Let's say I've got Nextcloud selfhosted in my basement and that it is accessible on the world wide web at nextcloud.kickassdomain.org. When someone puts in that URL, we'll have all the fun DNS-lookups trying to find the IP address to get them to my router, and my router forwards ports 80 and 443 to a machine running a reverse-proxy, and the reverse-proxy then sends it to a machine-and-port that Nextcloud is listening to.
When I do this on my phone next to that computer hosting Nextcloud, (I believe) what happens is that the data leaves and re-enters my home network as my router sends the data to the IP address it is looking for (which is itself). This would mean that instead of getting a couple hundred Mbps from the local wifi (or being etherneted in and getting even more), I'm limited by my ISPs upload speed of ~25Mbps.
Maybe that just isn't the case and I've got nothing to worry about...
What I want my network to do is to know that nothing has to leave the network at all and just use the local speeds. What I tried before was using a DNS re-write in Adguard such that anything going to my kickassdomain would instead go to the local IP address (so like nextcloud.kickassdomain.org -> 192.168.0.99). This seemed to cause a lot of problems when I then left the house because, I assume, the DNS info was cached and my phone would out in the world and try to connect to that IP and fail.

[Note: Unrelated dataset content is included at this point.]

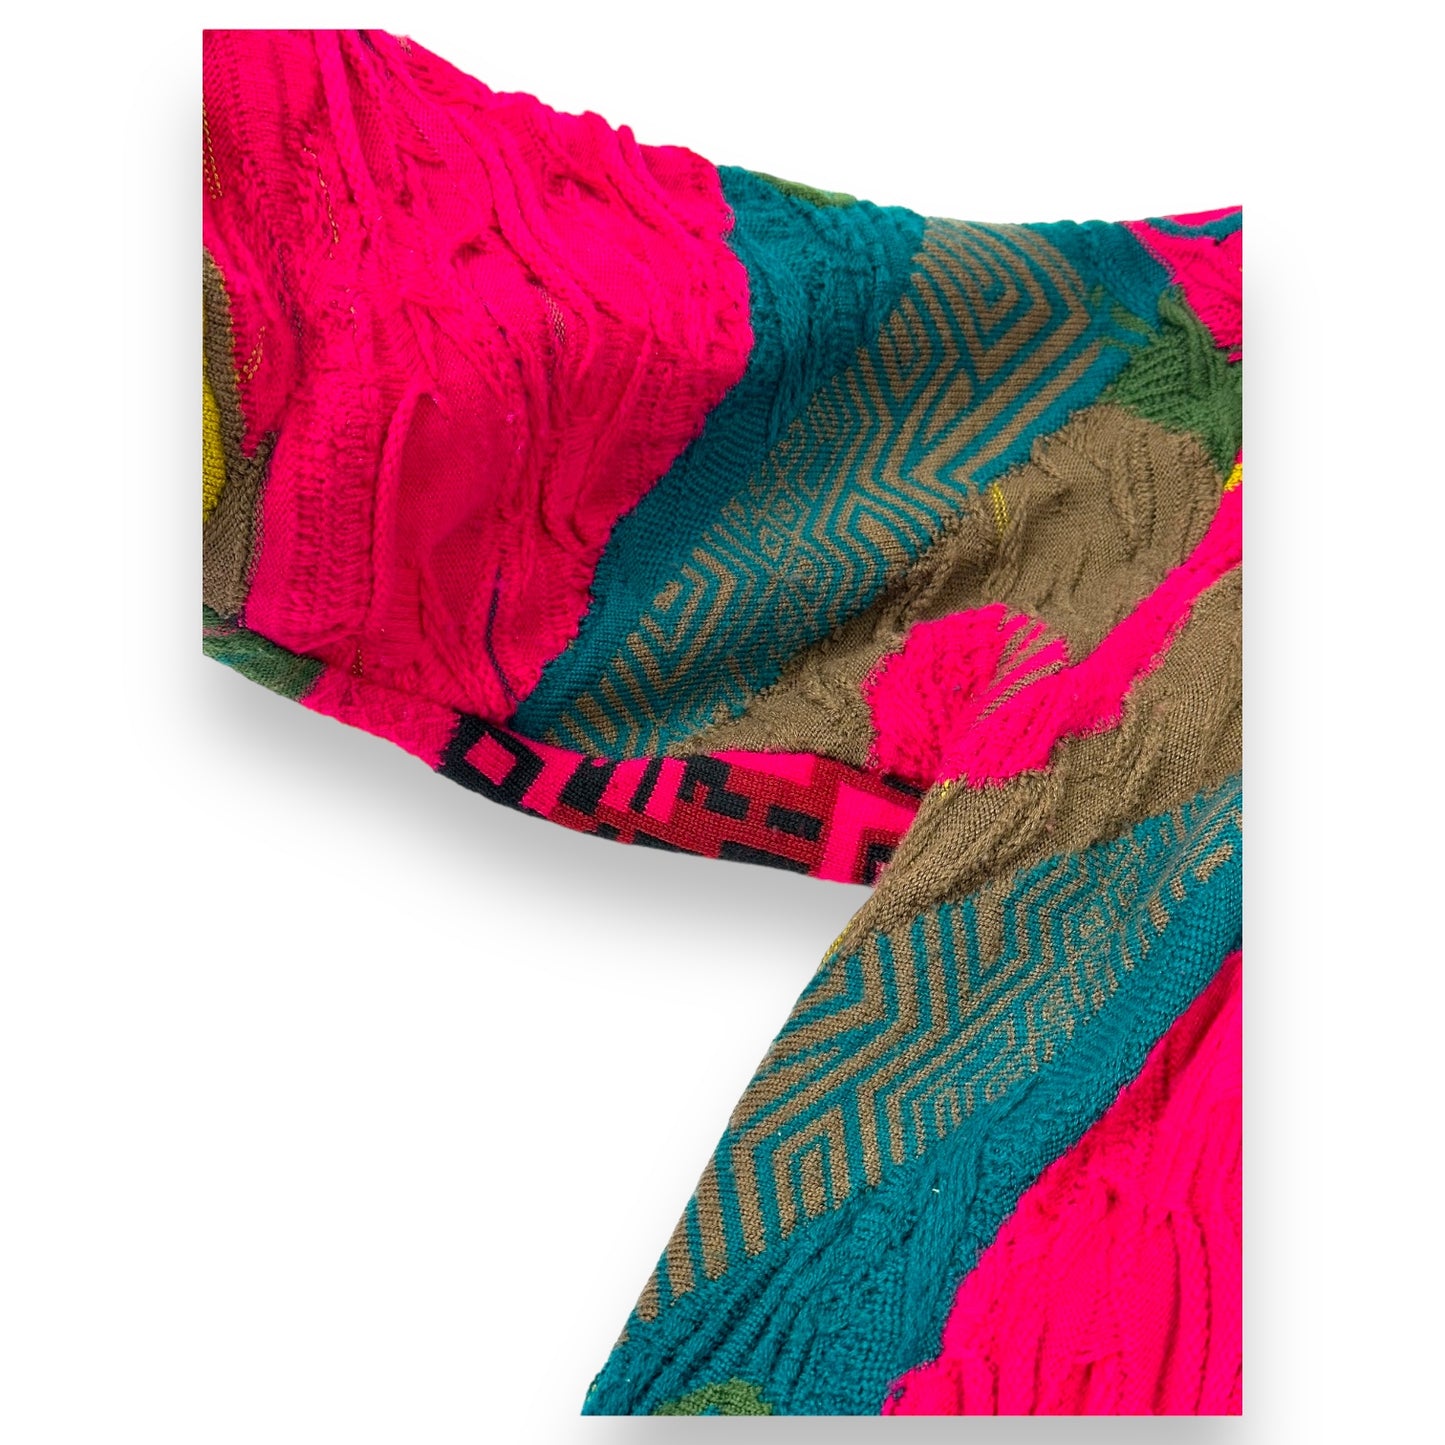 Y2K Coogi Pink Multicolored Sweater

My final goal here is that I want to upload/download from my selfhosted applications (like nextcloud) without being limited by the relatively slow upload speed of the ISP.
Maybe the computer already figured all this out, though - it does seem like my router should know it's own IP and not bother sending things out into the world just for them to come back.
If it matters, my IP address is pretty stable, but more importantly it is unique to me (like every house in the neighborhood has their own IP).
Updates from testing: So everything does indeed just work without me needing to change how I already had it set up, presumably because the router did the hairpin NAT action folks are talking about here.
I tested it by installed iperf3 on the server then I used my phone (using the PingTools Network Utilities android app, only found on google play and not on f-droid) to connect. Here are the results:
- Phone to local IP address (192.168.0.xxx) - ~700 Mbits/second
- Phone to speedtest.mykickassdomain.org while still on the wifi - ~700 Mbits/second
- Phone on cellular to speedtest.mykickassdomain.org - ~4 Mbits/second
Others have already answered but this might help understand.
On cloudflare DNS, I set my domain to point to external IP address my ISP gives me for my router. Ie example.com points to 107.474.274.12
Within my network, my internal DNS (pi hole) is set to point to the internal IP address of my server. Ie example.com points to 192.168.1.23
Note that in the first example, the router has port forwarding so that all https traffic (port 443) is forwarded to the internal IP of my server, 192.168.1.23. I'm both example, the traffic ends up in the same place but the route it takes depends on if the traffic starts inside my network (example 2) or outside of the internet (example 1).
So i had done this (with Adguard rather than pihole) and i think i was getting caching issues. Whether or not i was, though, i removed it and it looks like my router is handling it all just fine without the rewrite on the local DNS server.
Some folks mentioned "hairpin NAT" - i was reading the wiki on NAT last night but didnt get to hairpin, but that appears to be what is happening.
The conclusion is - my setup had been doing what i want the whole time without any DNS fiddling. I updated the original post with the speedtests.
Yes, hairpin can make it work but some routers don't seem to do it well.
The other issue is that on wireguard by DNS is set to pi hole and without doing this my internal stuff wasn't working without doing this
I do this too, with Pi Hole as well.